One thought on “Flash in the pan: The archaeology of gunflints in Alberta

  • Keep these articles coming Todd! For me, a good review and some new stuff too!

    An interesting note: Some aboriginal hunters and trappers preferred flintlock trade guns to percussion locks. In a pinch, a bipolar split river pebble will work in a frizzen and throw enough spark to ignite a powder charge, but not as reliably as european flint. (I have tried this ). With a percussion gun, once you are out of percussion caps you have a gun that is good material for a hide scraper or a club!!

    Incidentally, a colleague of mine told me she observed Dene were still making bipolar split pebbles as expediency tools the 1980s.
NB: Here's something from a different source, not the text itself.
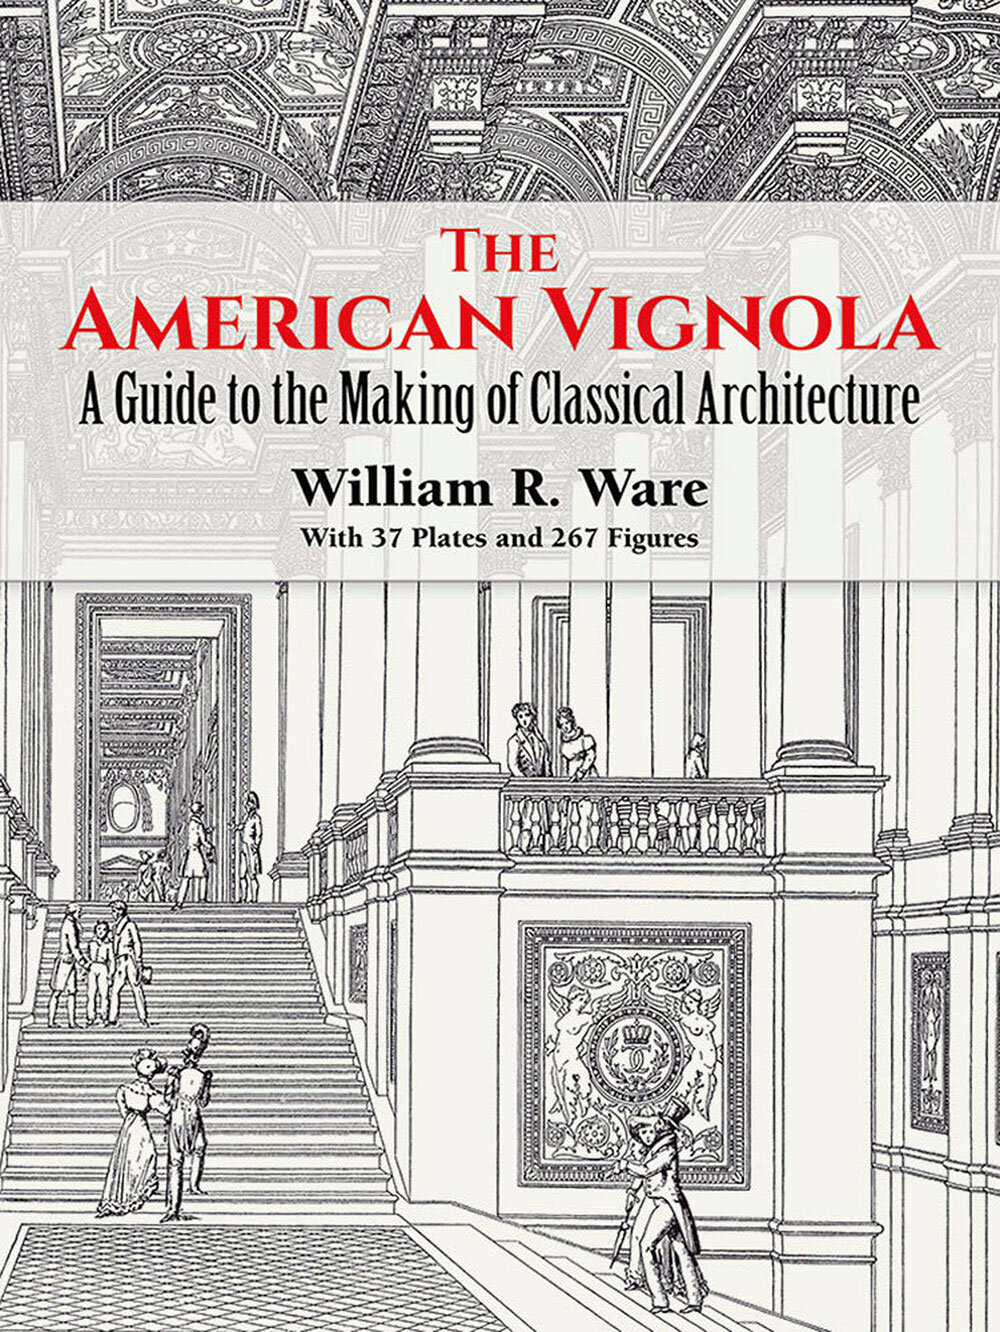 Charles-Hilton-Architects---The-American-Vignola-A-Guide-to-the-Making-of-Classical-Architecture.jpg

    I have noted a number of late 19th century marked HBCo flintlocks and the latest one dated 1901! There has to a good reason for this don’t you think? As percussion firearms began to replace flintlocks in the first third of the 19th century, there is still evidence for its late persistence in the early 20th century. The HBC wouldn’t make them if they couldn’t sell them!

    Gunflints recovered from two Alberta side by each fur-trade posts (ca. 1810-1813) deserve a closer look and are not included in your article. Forts White Earth (Terre Blanche)/Edmonton House III on the North Saskatchewan River south of Smoky Lake and upstream from forts George/ Buckingham House shared a common palisade for mutual security from warring Cree and Blackfoot, while maintaining separate living quarters and trading operations. I worked on both these posts in 1969 under the supervision of John and Trudy Nicks. John was the Historic Sites officer at the PMA at the time and was collecting doctoral dissertation data. Trudy was a U of A Dept of Anthropology M.A candidate. I was an undergraduate.
    I suspect the material is in the Royal Alberta Museum or U of A collections.